The Journal of Commerce - 1900s

1900s

After the 1907 panic, a young editor at The Journal of Commerce, H. Parker Willis, became a leader in the drive to establish a Central Bank. He teamed up with Carter Glass, the Virginia senator, to write the Federal Reserve Act. Much of the work was done in the offices of the JoC.

Throughout its history, the JoC maintained a different perspective on the news. Coverage of major events, such as the San Francisco earthquake of 1906 and the U.S. entry into World War I, emphasized the effect on business. During World War II, the JoC reprinted and indexed the wartime regulations that controlled production and supplies.

The JoC's profits boomed during World War I with a sharp increase in advertising and circulation related to the wartime industrial expansion. The growth continued into the early 1920s.
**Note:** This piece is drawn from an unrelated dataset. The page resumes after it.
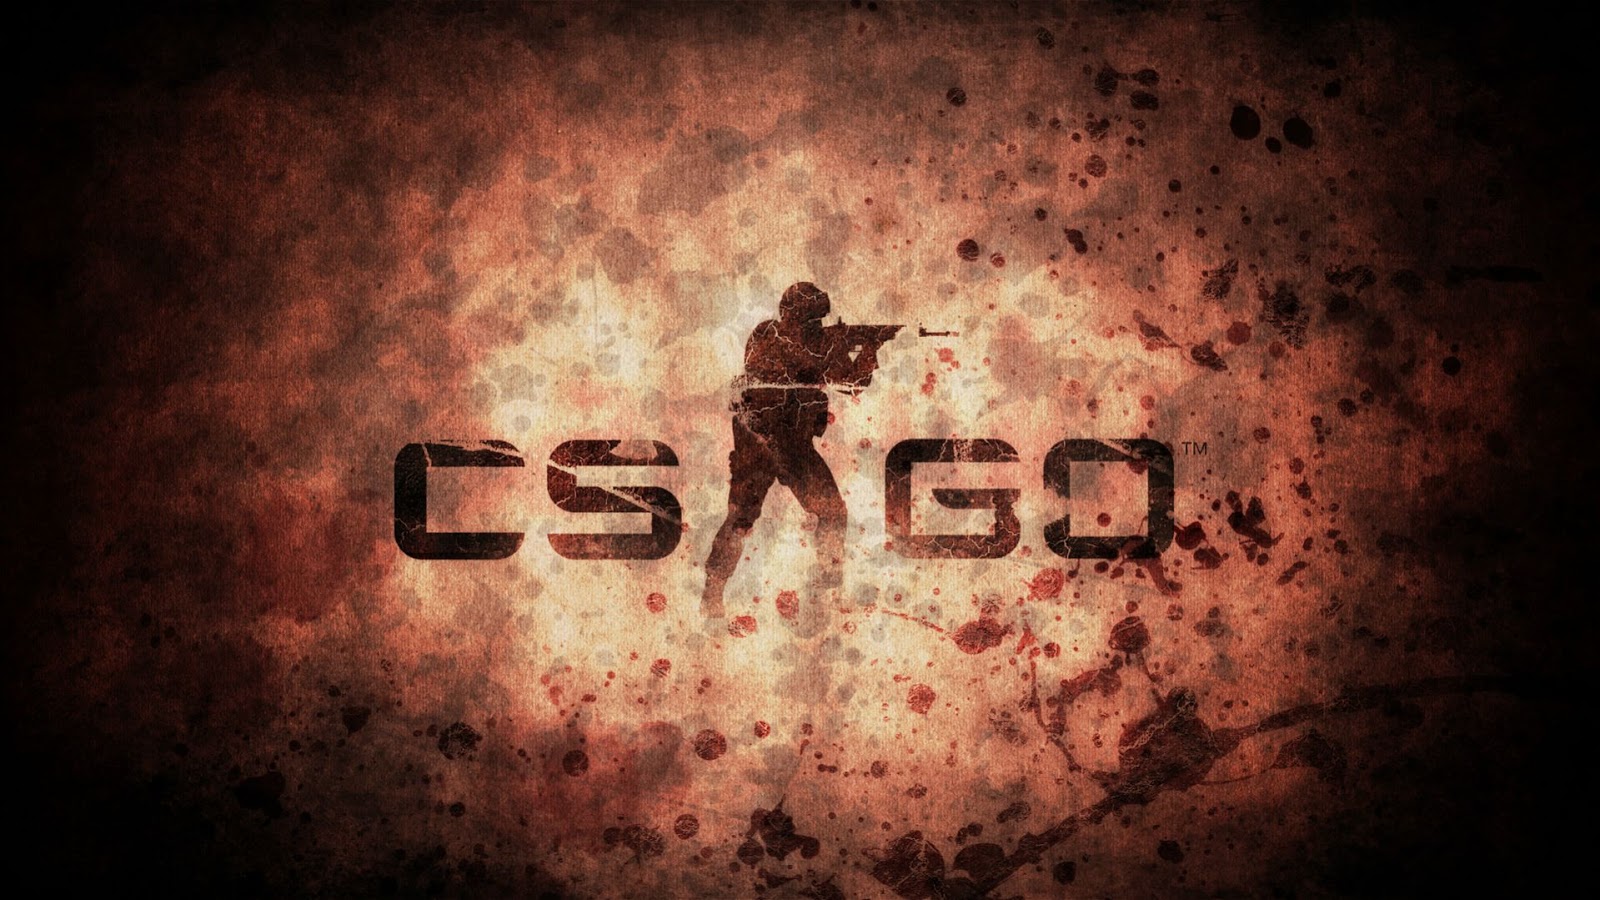 Papel de parede para celular: Counter Strike: Global Offensive, Contra  Ataque, Videogame, 350995 baixe o papel de parede gratuitamente.
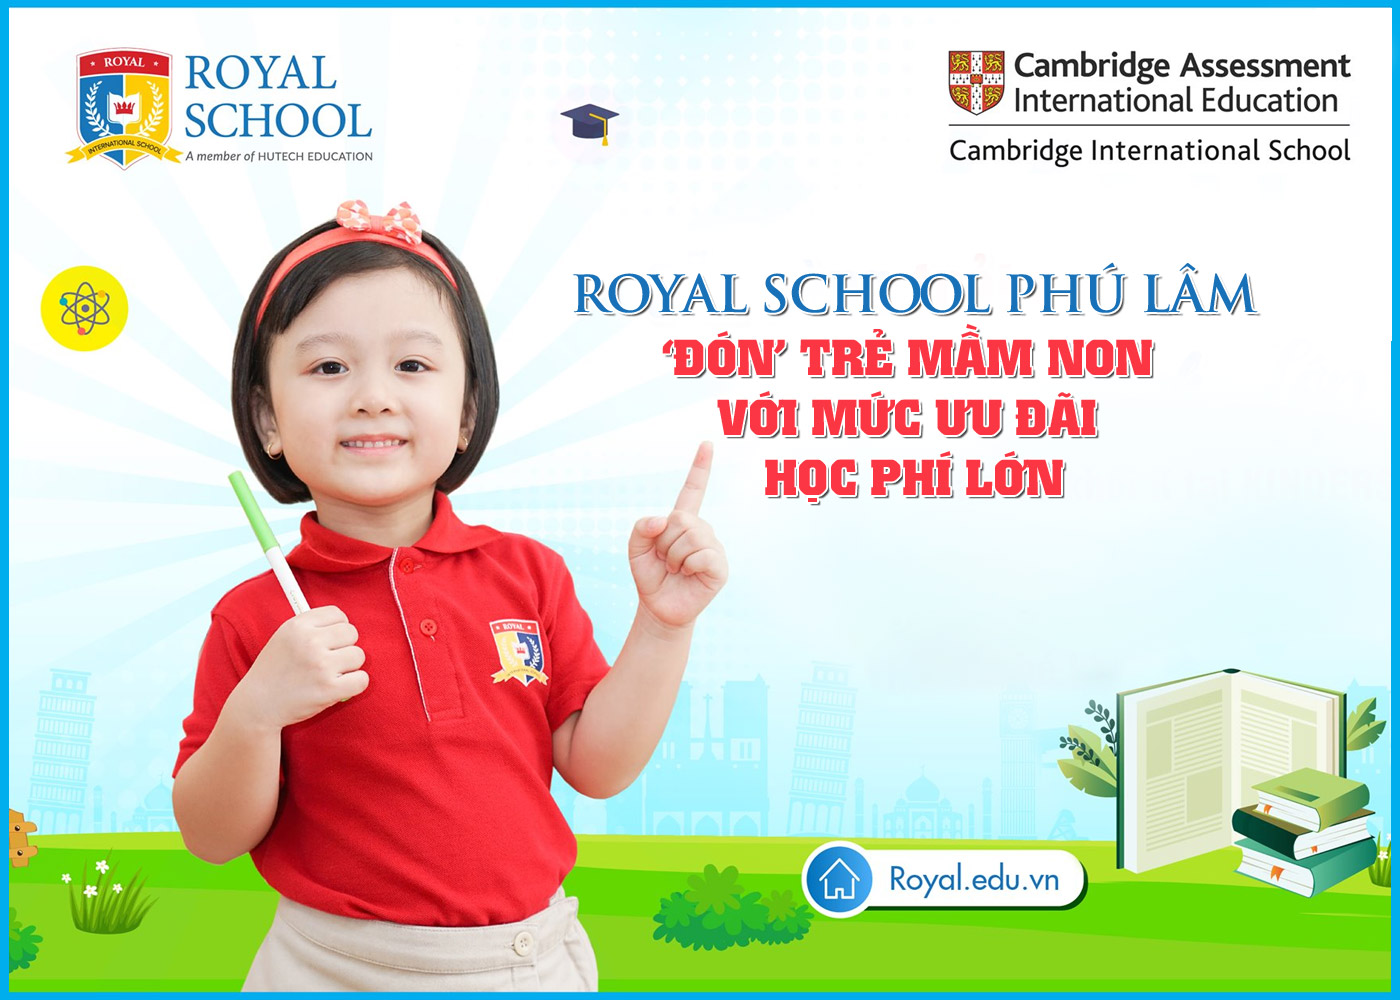 Royal School Phú Lâm đón trẻ mầm non với mức ưu đãi học phí lớn - Ảnh 1

Then in 1921, the Dodsworths sold the paper to William C. Reick, who acquired it with money put up by Charles A. Stoneham, the wealthy owner of racehorses and the New York Giants. After Reick died in 1924, Stoneham appointed a new front man, Raphael Govin, who pushed the JoC into more sports coverage.

Willis, who had become editor-in-chief of the JoC in 1919, watched with alarm as the paper's profits began to dwindle, when everyone else in the Roaring Twenties was making money. After Govin died and the JoC appeared to be on the verge of extinction, the paper was purchased in 1927 by the three Ridder brothers: Bernard H., Joseph E. and Victor F. They were the sons of Herman Ridder, the publisher of the German-language Staats Zeitung, the New York Herald and the Long Island Press.

The outbreak of World War II dramatically affected financial and commodity markets. The Ridder brothers soon built a newspaper empire of their own. They sold the JoC's AP franchise, which was a valuable asset in a day when access to the AP wires was restricted to franchise-holders. This enabled them to buy the St. Paul Pioneer Press-Dispatch. Bernard H. Ridder became publisher of the Pioneer Press-Dispatch, turning the JoC presidency over to Joseph E. Ridder.

In the postwar years, the JoC also earned a reputation as a prime source of international trade news. In 1973 the paper scooped the world on perhaps the most significant economic development of the last 30 years. Six days ahead of any other newspaper, the JoC reported that Arab nations were going to embargo oil shipments to the U.S.

On Saturday, October 20, 1973, as the Yom Kippur War raged, the world learned that Arab nations would be suspending the supply of oil to the United States. The Journal of Commerce had the story of the notorious Arab oil embargo more than a week earlier. "It was a story that impacted the entire world," said Harold Gold, who was editor of the JoC at the time. Few thought the Arab nations would use oil as a weapon against the U.S. in response to its military support for Israel, which included a $2.2 billion military aid package. There had been threats, and an attempted embargo in 1967 that failed, so most dismissed the idea that it would ever happen.

In the later part of the 20th century, the JoC intensified its coverage of shipping, earning its nickname as the Bible of the maritime industry. Shipping was transformed forever by the introduction by Malcom McLean in 1956 of the container ship. Containerized shipping made traditional breakbulk ports obsolete and provided the means for Asia's export boom, which changed the world's economic map. The JoC reported in detail on these and other developments in transportation and logistics.

The JoC never missed a day of publication, even on the day in February 1993, when terrorists detonated a bomb in the garage under the World Trade Center, killing six people. The paper's New York staff managed to find its way down the darkened, smoke-filled fire-escape stairs of the tower to safety below. The staff at the Phillipsburg, New Jersey printing plant put the paper out that day.

The shipping industry, which had flourished through the 1960s and 1970s, began a period of consolidation in the mid-1990s because of plunging freight rates. Separate shipping companies that had run multiple ads in the paper merged and eliminated competing routes. With the rapid growth of the Internet in the 1990s, many shipping companies began to switch their ship schedules onto their Web sites, where shippers around the world could access them.

Knight-Ridder decided to get out of business information altogether to focus on its daily metropolitan newspapers. In 1995, it sold the JoC to The Economist Group of London, publishers of the widely respected, The Economist. Under The Economist Group the JoC tightened its focus to cover international trade logistics. In 1999, the broadsheet newspaper was converted to a tabloid newspaper format.